There's a surprising correlation between students' SAT scores and the amount of loans they take on

Student-loan debt in the US has grown to a staggering $US1.3 trillion, and the average 2016 graduate will have to repay more than $US37,000.

While it’s clear that college is more expensive than ever, surprisingly, there’s a correlation between the amount a student pays for tuition and their SAT score.

“The data show a correlation between higher SAT scores and lower average student debt,” according to a press release from Nitro, which conducted the study.

Nitro, an online resource that helps incoming college students plan their education financing, examined SAT scores, median student-loan debt at graduation, and median earnings 10 years after graduation at 1,300 colleges and universities.
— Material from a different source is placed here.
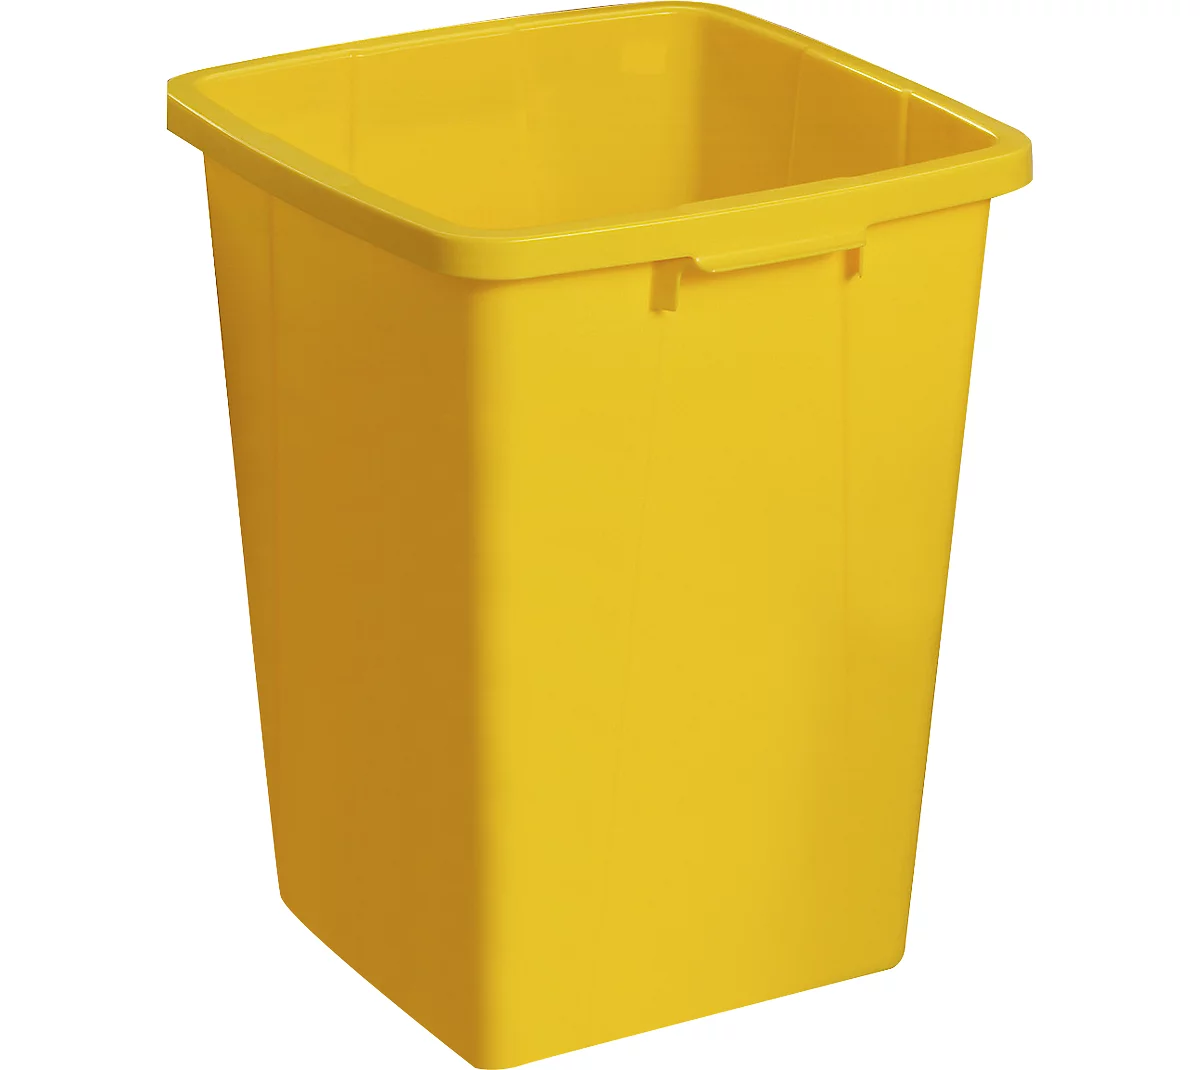 Abfallbehälter ohne Deckel, 90 Liter, gelb

The study found that students with higher SAT scores tend to graduate with less debt, and students with lower SAT scores tend to graduate with more debt.

They plotted the results on the interactive graph below, which also shows that higher SAT scores correlate to higher earning potential. Hover over the plot points for SAT scores.
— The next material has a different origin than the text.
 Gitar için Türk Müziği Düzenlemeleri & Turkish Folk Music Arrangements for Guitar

If you take a look at the scatter plots, schools with median SAT scores on the higher end of the scale (represented by the blue-coloured dots) did not fall in upper-left quadrant of the graph — those schools which had median student-loan debt of more than $US30,000.

The school with the highest median student-loan debt on the graph is Livingstone College, a historically black college in North Carolina with an average SAT score of 720, and median student debt at graduation of $US41,000.

The school with lowest average student debt on the graph is Berea College, a work college in Kentucky, with an average SAT score of 1125, and median student debt at graduation of $US6,000.

Harvard University is the next in line with an average SAT score of 1501, and median student debt at graduation of $US7,000.